Não importa, aí, o deficit ou superavit de cada conta em particular, tampouco se é tecnicamente do pai ou da mãe. O que importa: há um impacto no orçamento da família como um todo e ele se encontra em deficit.
Para solucionar o imbróglio, a família precisa ajustar as contas de verdade —ou seja, fazer um ajuste fiscal. Significa fazer os gastos caberem na remuneração total (mãe + pai). Para isso, precisará avaliar quais gastos são prioritários.
Manterá a TV a cabo e idas a restaurantes? Pedirá que o filho volte a morar em casa (ficando mais longe da faculdade) para economizar? Ou tentará manter os gastos atuais e buscará dinheiro em outras fontes (por exemplo, com pai e mãe fazendo bicos)?
QUAL O VERDADEIRO DILEMA DO BRASIL HOJE?
É esse o tipo de discussão que o Porque.com.br gostaria de ver no Brasil sobre as contas públicas.

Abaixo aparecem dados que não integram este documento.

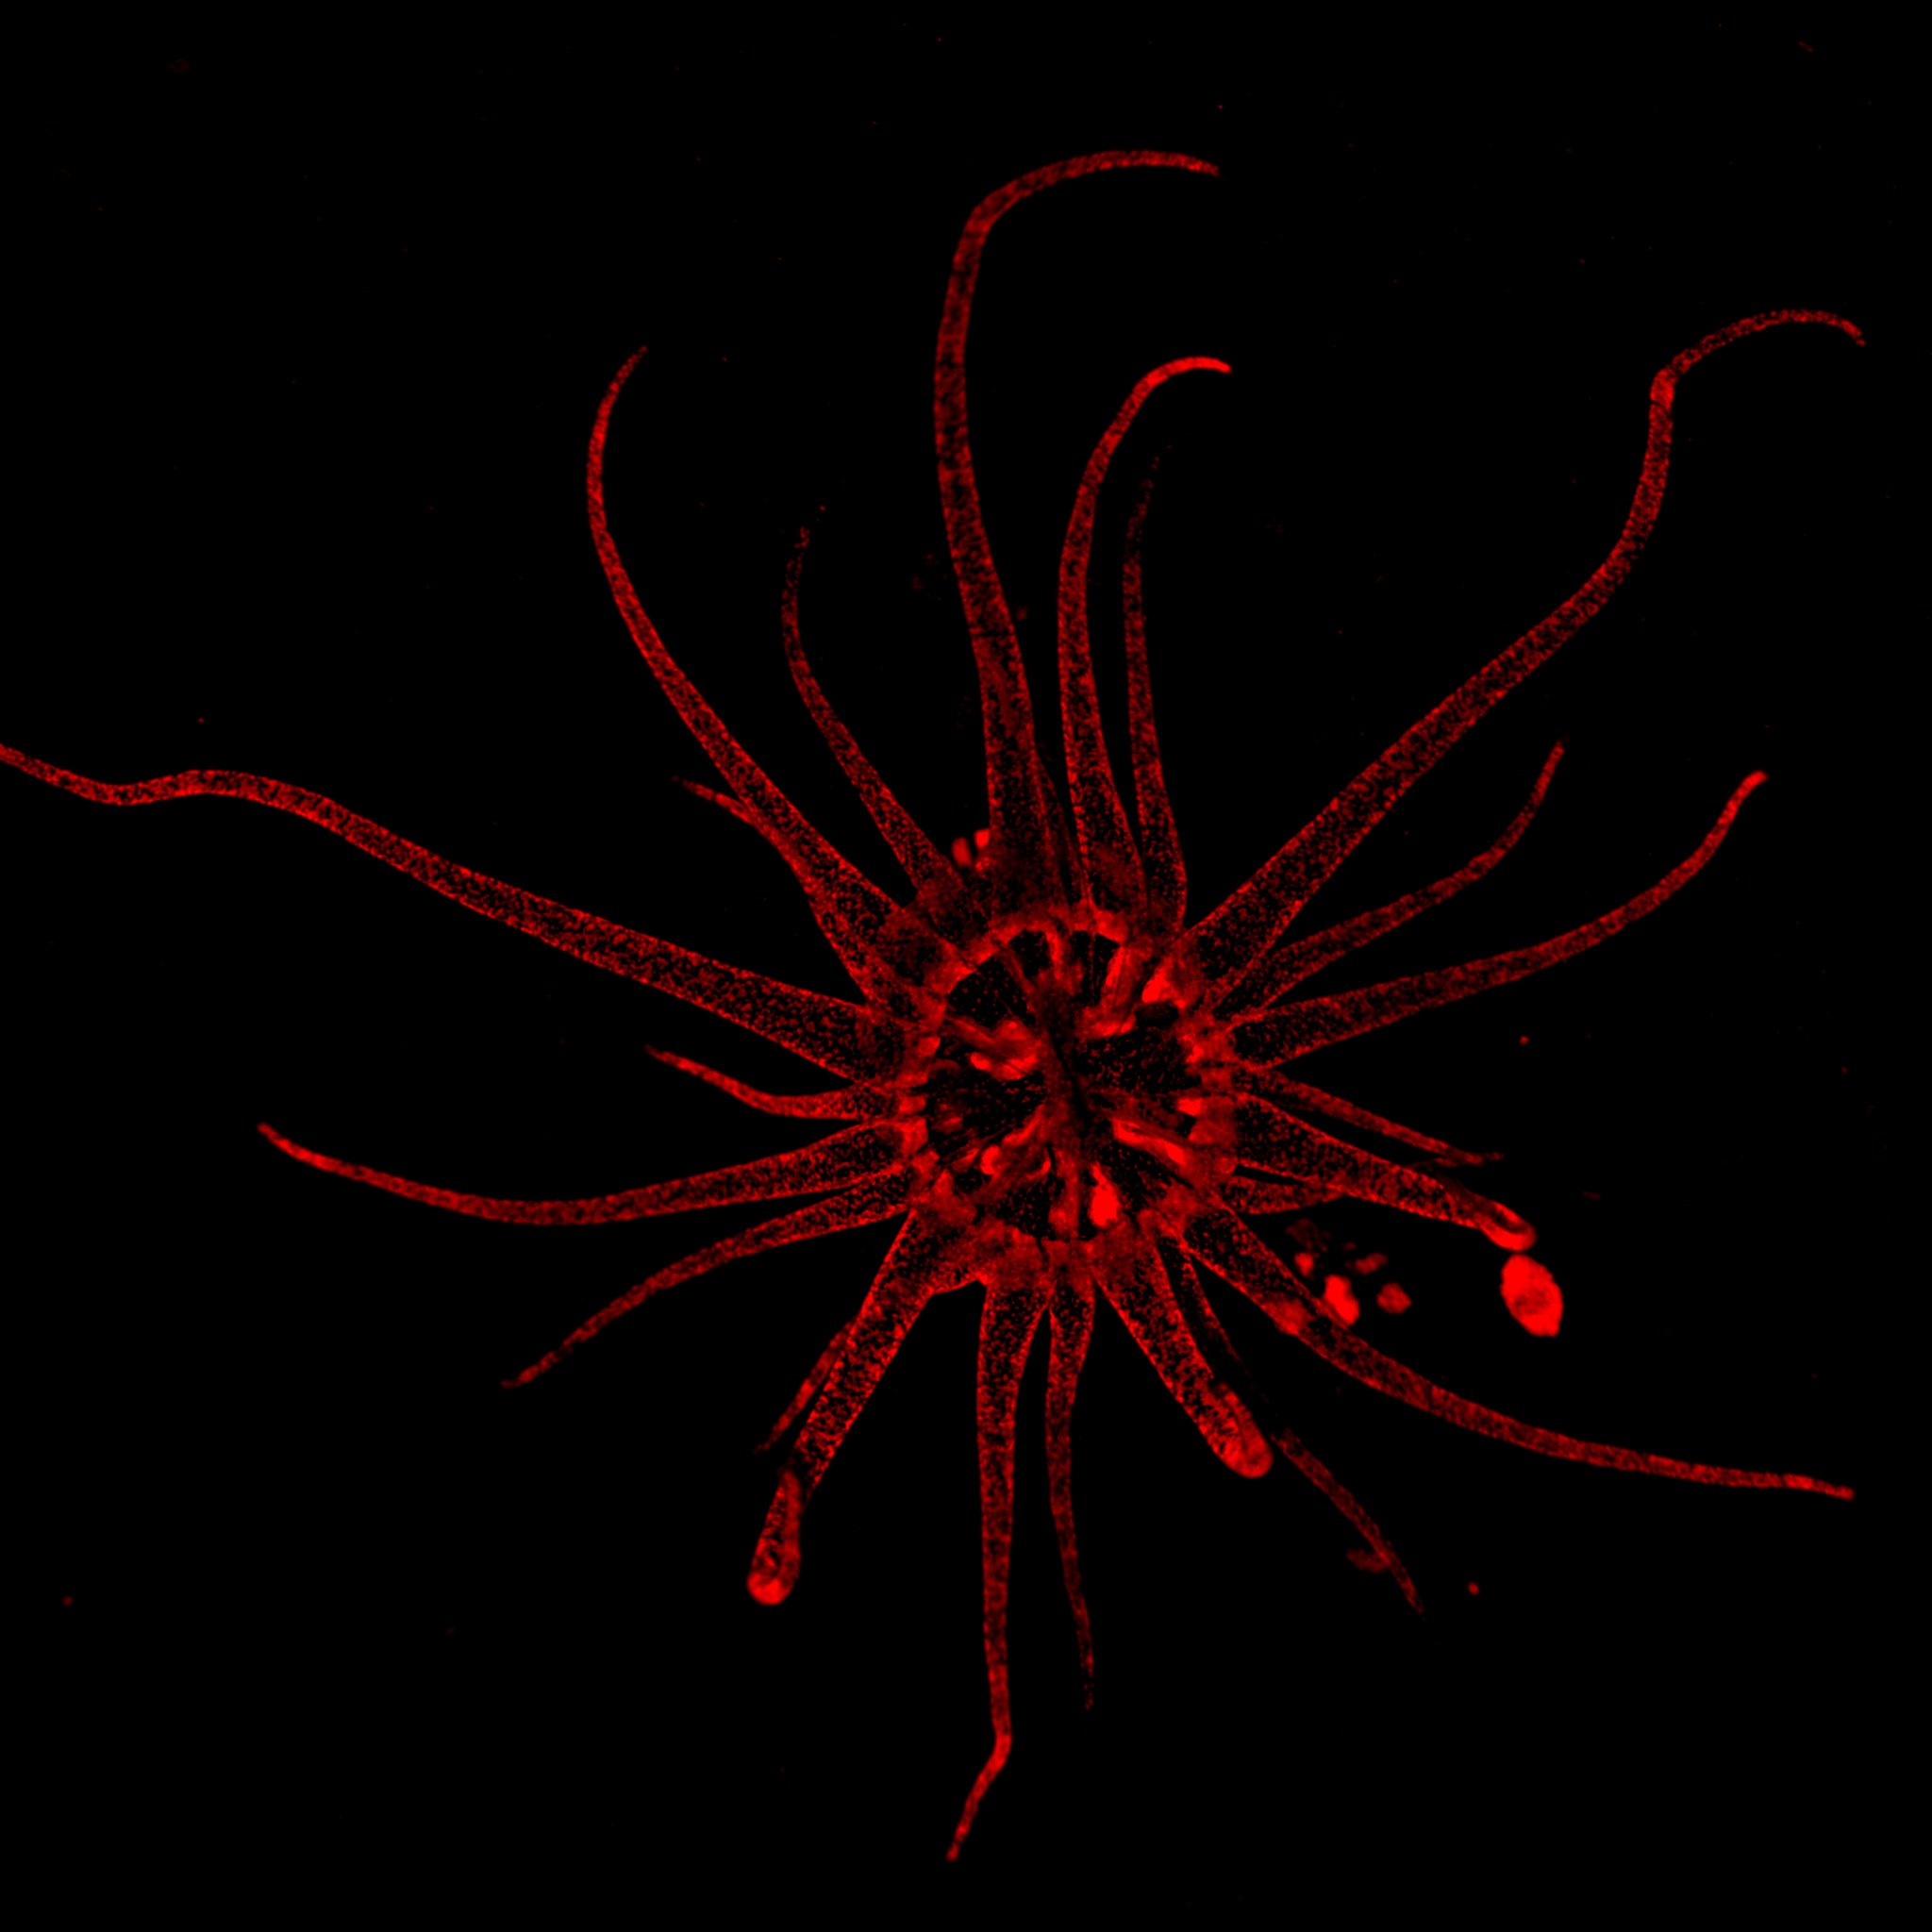 A fluorescence image of the sea anemone Exaiptasia, courtesy of Tingting Xiang

Não se chega a nada debatendo se o orçamento da Previdência tem deficit ou superavit.
O fato é: o governo brasileiro, como um todo, está no vermelho —e há tempos. Vai acumulando dívidas em velocidade impressionante e precisa ajustar suas contas.
Para resolvermos esse problema de verdade, as avaliações devem se concentrar nas diversas despesas do governo. O que manteremos? O que cortaremos? O que é prioritário para a sociedade? O que é um privilégio de relativamente poucos?
Caso desejemos manter tudo como está no Brasil, não escaparemos da alta dos impostos. Para evitar isso, é crucial mexer nas regras da Previdência. Por quê? Porque o Brasil gasta muito dinheiro com aposentadorias e pensões.
Hoje, esses gastos equivalem a mais que 10% do PIB. O valor é semelhante ao de países europeus, que contam com uma proporção muito maior de idosos em suas populações.
Estima-se que, com o envelhecimento populacional, esse valor será equivalente a 20% do PIB nas próximas décadas, na ausência de uma reforma ampla na Previdência.
Nosso principal dilema como sociedade está em saber se queremos continuar gastando valores como esses em aposentadorias e pensões. Se sim, quais outros gastos serão sacrificados? Ou aumentaremos continuamente, no ritmo do envelhecimento do Brasil, a já elevada carga tributária?
São questões como essas que precisamos responder. Para as decisões que devemos tomar neste momento, a questão da existência, ou não, de deficit na Previdência é irrelevante.